Número de presos provisórios em Minas cresce a cada ano e já supera o de condenados

Malú Damázio
mdamazio@hojeemdia.com.br
15/08/2018 às 15:37.
Atualizado em 10/11/2021 às 01:56
Policias penais tem prisão preventiva decretada por suspeita de tortura. (Wilson Dias/Agência Br)

Policias penais tem prisão preventiva decretada por suspeita de tortura. (Wilson Dias/Agência Br)

Mais da metade dos presos mineiros estão atrás das grades à espera de um julgamento definitivo, o que equivale a 58% do total de 71,7 mil detentos do Estado. O número cresce a cada ano e, em apenas sete meses de 2018, já superou o de aprisionados temporários de 2017. Na lista estão incluídos os condenados em segunda instância, mas que ainda podem recorrer aos tribunais superiores, em Brasília. Por outro lado, a quantidade de presídios em Minas caiu de 209 para 199 no mesmo período. A situação alarma especialistas da área.

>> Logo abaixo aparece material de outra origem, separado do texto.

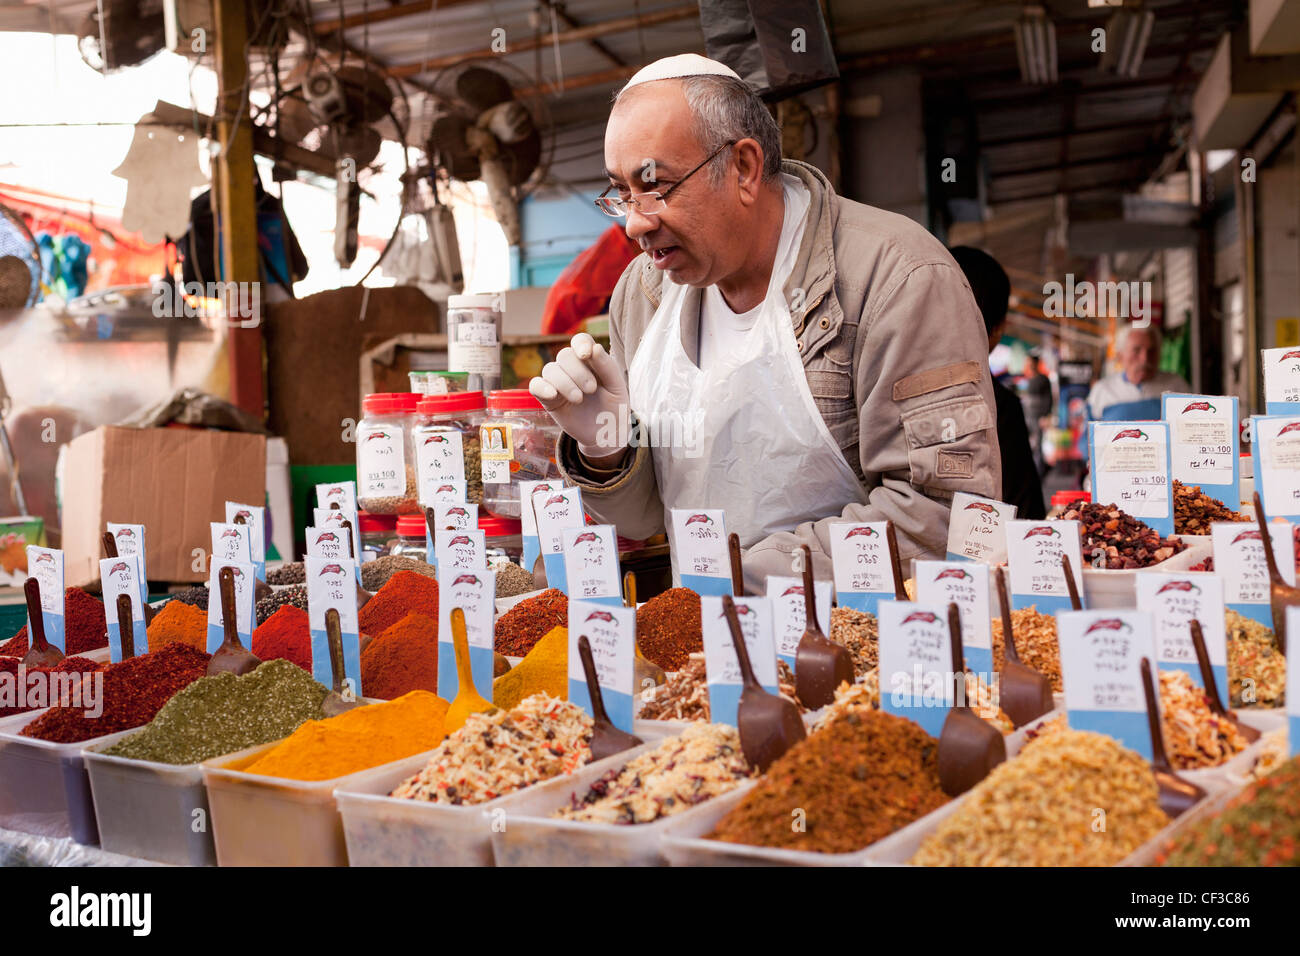 Israël, tel Aviv, Carmel Market, vendeur d'épices avec une exposition d'herbes fraîches et d'épices Banque D'Images

Levantamento do Conselho Nacional de Justiça (CNJ) aponta que, em média, uma pessoa fica na penitenciária de cinco meses a quase três anos aguardando a definição da pena. Lentidão da Justiça para analisar processos, aumento da criminalidade, baixa aplicação de medidas alternativas e até pressão da população para que infratores sejam levados para a cadeia são fatores que explicam o cenário.

Volume de processos

O juiz aposentado Juarez Morais de Azevedo, que atuou na Vara Criminal e de Execução Penal de Nova Lima, na Grande BH, acrescenta ainda a maior participação de jovens em crimes, principalmente no tráfico de drogas. Membro do Conselho de Criminologia de Minas, o magistrado não acredita existir uma política de encarceramento, mas crescimento do volume de inquéritos a serem avaliados.

“Enquanto isso, o número de juízes, promotores e defensores não aumentou na mesma proporção. Também há um clamor da sociedade para que quem pratica delito seja preso. Se isso não acontece, ela fica revoltada”, diz.

Crime organizado

A situação pode favorecer, inclusive, a expansão do crime organizado. É o que afirma a pesquisadora Ludmila Ribeiro, do Centro de Estudos de Criminalidade e Segurança Pública (Crisp), da UFMG, ao referir-se a detentos que cometeram delitos de menor potencial ofensivo e cumprem pena junto a acautelados mais perigosos, até mesmo membros de quadrilhas.

Segundo ela, um dos estudos feitos pelo órgão constatou um homem flagrado com 15 gramas de drogas e, mesmo alegando ser para consumo próprio, ficou em regime fechado. “Ele esteve três anos em uma unidade superlotada, sem material de higiene e sem fornecer fonte de renda para a família. Depois, outro juiz entendeu que ele não havia cometido o crime e o soltou. O que será que aconteceu quando esse rapaz voltou para a sociedade?”.

A pesquisadora explica que, em situações nas quais o processo é transformado em cumprimento de pena, inocentes podem ser inseridos no crime. “A família fica desestruturada, ele vive em condições precárias, tem o estigma de presidiário e acaba recorrendo ao crime organizado. O ideal seria que tivéssemos uma Justiça mais eficiente e que se ocupasse, de fato, com delitos graves”, afirma.

Segundo a Seap, detentos provisórios são de responsabilidade do TJMG

Medidas alternativas 

A prisão temporária divide opiniões entre especialistas. Presidente da Comissão Estadual de Assuntos Carcerários da Ordem dos Advogados do Brasil (OAB-MG), Fábio Piló afirma que deixar uma pessoa na cadeia à espera da sentença viola o princípio da presunção da inocência.

“A privação de liberdade deve ser a última medida nesses casos, não a primeira, como vem ocorrendo”, diz Piló, que defende aumentar a aplicação das medidas alternativas, como a tornozeleira eletrônica.

Já o desembargador da 6ª Câmara Criminal do Tribunal de Justiça de Minas Gerais (TJMG), Jaubert Carneiro Jaques, reforça que a detenção provisória é legal e, que na maior parte das situações, quem aguarda na penitenciária por uma definição é criminoso reincidente.

“Não estamos decretando prisões de inocentes. Casos insignificantes, como a mãe que no supermercado pega leite para amamentar o filho pequeno, nem chegam ao tribunal, são resolvidos antes, com recursos como o monitoramento eletrônico. Estamos tirando da sociedade pessoas de alta periculosidade”, afirma Jaques.